Why We Need to Be Embodied
We need to be embodied to be able to fully explore the relationship between our physical selves and our energy, our pleasure and being able to thrive as ourselves. Being embodied is a psychologically healthy, key element of identity and to be able to thrive in oneself — to have a fullness of self. However, our modern life keeps us from being in our bodies in so many ways, pulling us away from experiencing life being a body.
At our core as modern humans, we long to regain the intimacy with our bodily experience. As humans, we have been conditioned with this concept of the brain and its thoughts as being of primary, or even of sole, importance. We privilege our thoughts and minds, finding an imagined split between body and mind, and position the body as inferior. This has been the dominant way for the past centuries and has damaged our sense and expression of our self, our health, our capacity for self-love, our connection with others and our sheer potential for pleasure in our body and mind.
How does trauma impact our embodiment?
Traumatic experiences, habituated belief patterns, conditionings of our society, the patriarchy, religion, emotional blocks and other inner-wounds we gather in our life experiences show up in our body. Often, in order to cope, we compartmentalise or reject these sensations to the point that parts of us become numb.

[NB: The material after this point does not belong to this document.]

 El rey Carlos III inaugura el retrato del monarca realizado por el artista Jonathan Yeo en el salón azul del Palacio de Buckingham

For many of us today, disconnecting from our bodies might feel like the only option available to us — a way of feeling safe. We stop moving, we stop looking after ourselves, we stop trying new things, we stop touching ourselves in all of the ways, we fall into habits and we numb ourselves with default activities, sedentary habits, external entraining, repetition, addictions, porn, and so on.

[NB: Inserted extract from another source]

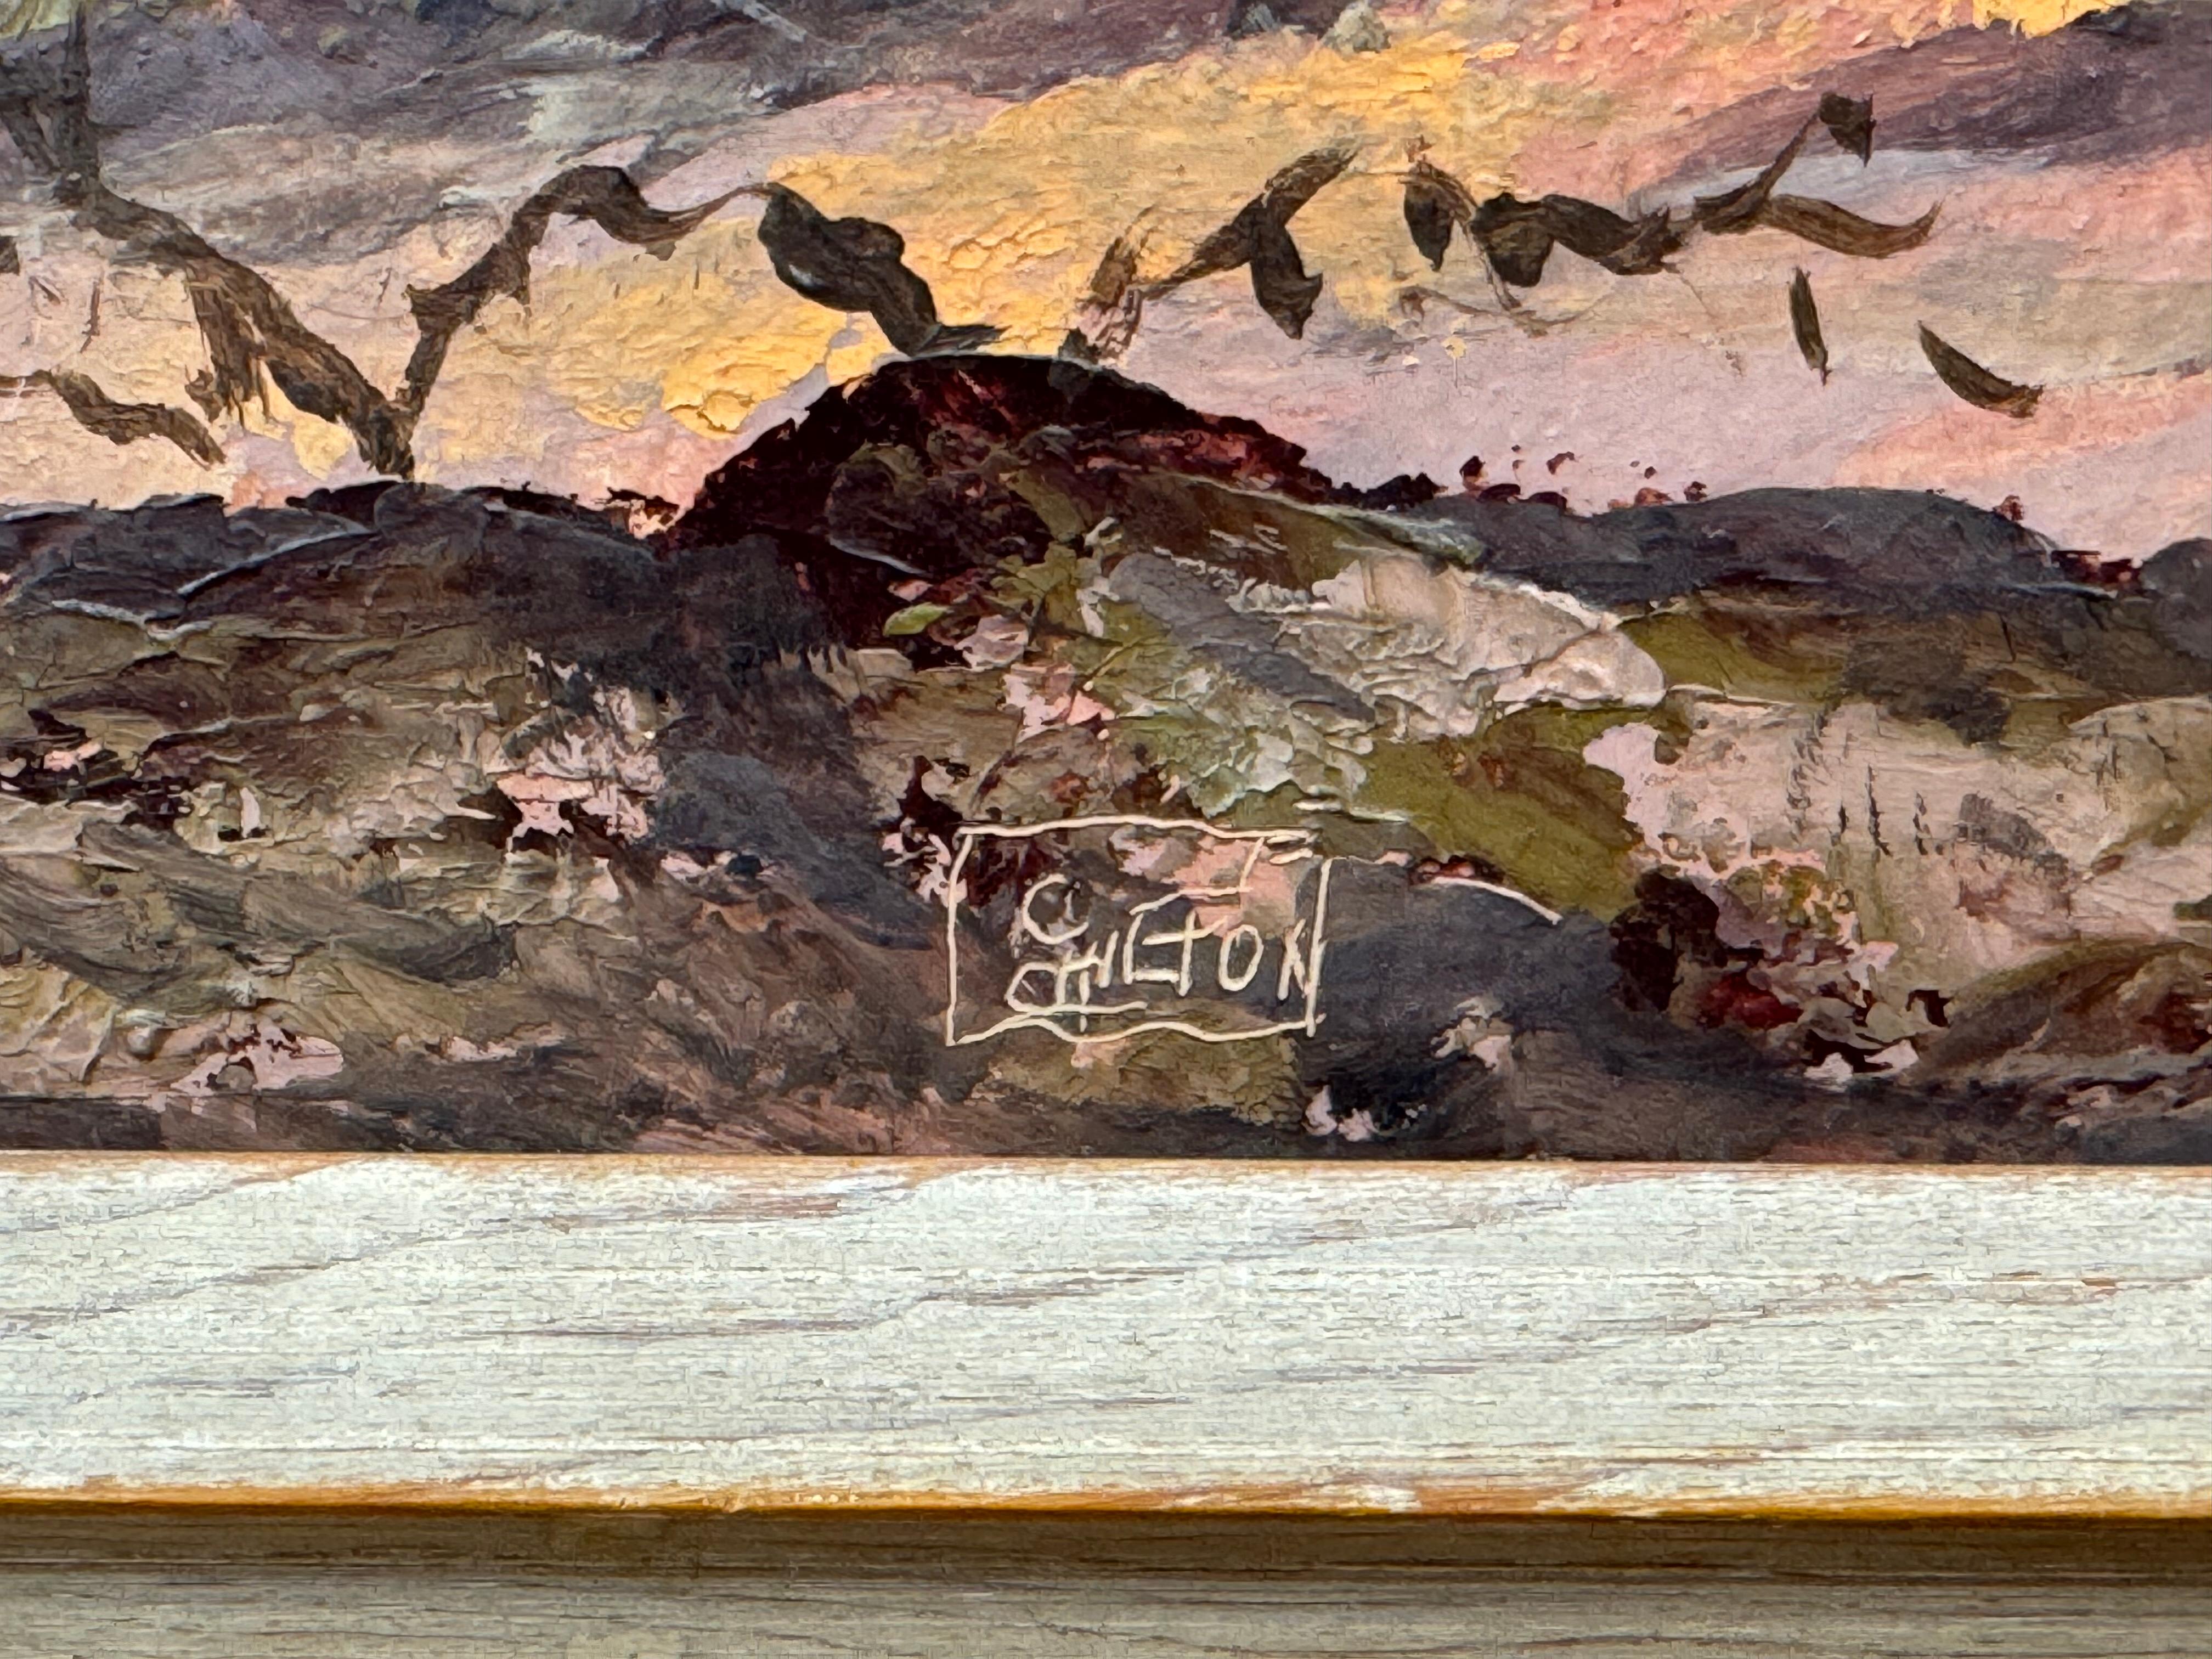 Desert mountain landscape painting. Oil on artist board. 12 x 24 unframed, 18 x 30 framed.

We hardly feel at all because we are afraid we might.
How to Become Embodied
Embodiment practices are the key towards becoming embodied, making the unfelt felt and the unconscious conscious. They bring you back to wholeness, gently, with love and acceptance.
While trauma can make us fall into habits and bad practices, we can do the very opposite by feeling into our body sensations and going within to reveal their unique intelligence. We can inquire into what is true for the wounded parts of ourselves, and perhaps, find other supportive parts or to just bear witness to their story.

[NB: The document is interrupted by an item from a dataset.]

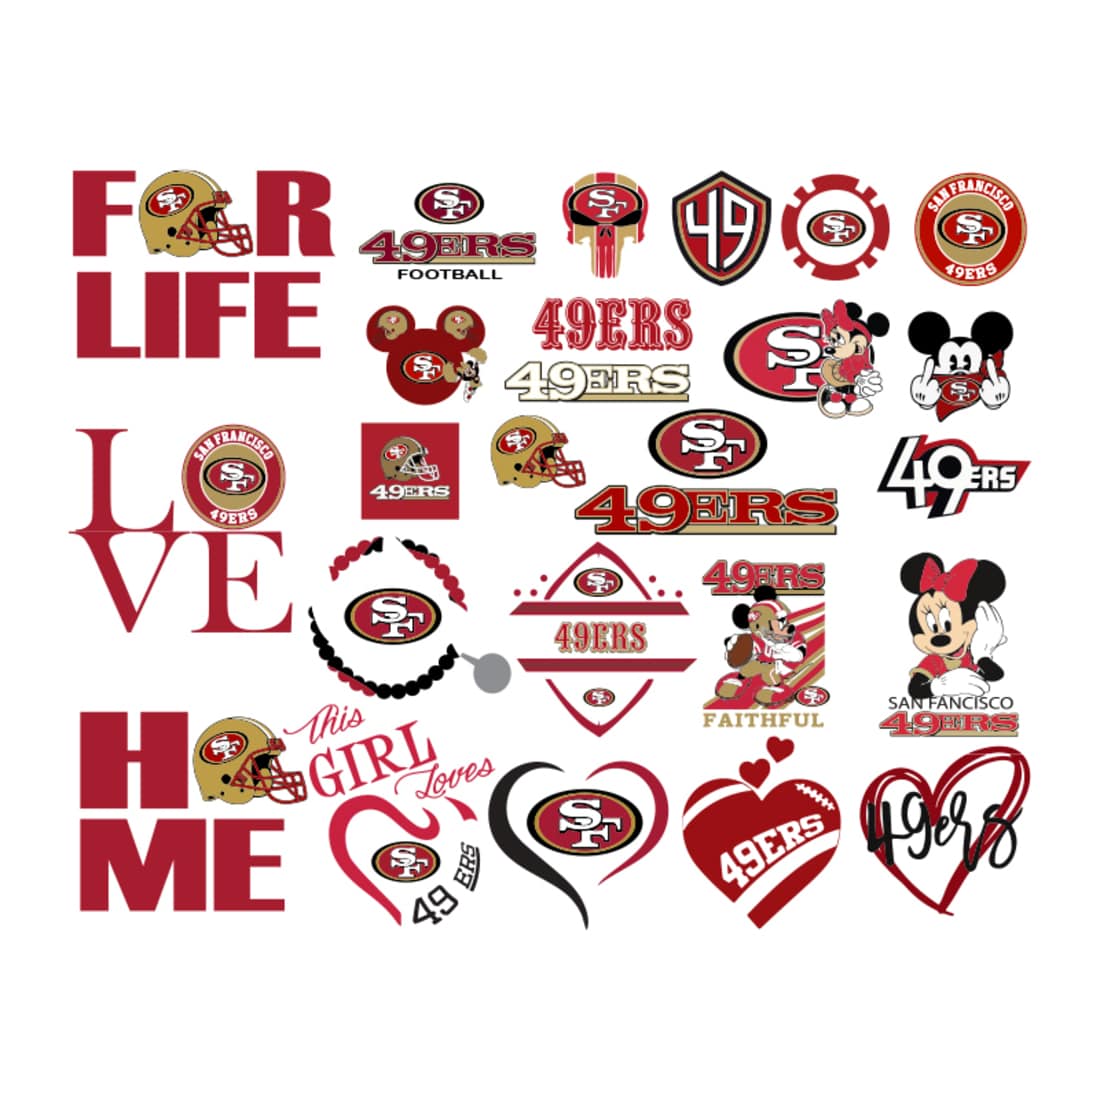 San Francisco 49ers bundle Svg, San Francisco 49ers Logo Svg, NFL football Svg, Sport logo Svg, Football logo Svg, Digital download cover image.

In this way, we connect, honour, accept and even transmute these inner wounds as they arise in our body-mind. We find pathways back to the fullness of self.
Embodiment practices are a major focus in my own coaching process, and for good reason.
What are embodiment practices?
An embodiment practice is a method of using the unique sensations of our body as a tool to develop deep awareness, find connection to the energy of our body, the earth and others around us. This helps us to stay present, to self-regulate, feel whole and belonging, find balance, to know, accept and love ourselves, and to be empowered.
Embodiment practices, or other more spontaneous ways of returning to the body and its sensations are the gateway to expanding our pleasure potential. They help us find out what is your personal experience and what is your own answer to ‘what is embodiment’.
The pleasure that can result from listening and paying attention to our bodies in all their fleshy, juicy, radiant, nerve-filling reality. It’s a practice of slowing down in pleasure — all kinds of pleasure — and tuning right into the present moment as it is, allowing whatever to manifest.
That pleasure is extraordinary! It starts with sensual pleasures (pleasures through the senses), which lead to fully-embodied sexual pleasures of a kind we always knew were possible, but didn’t know how.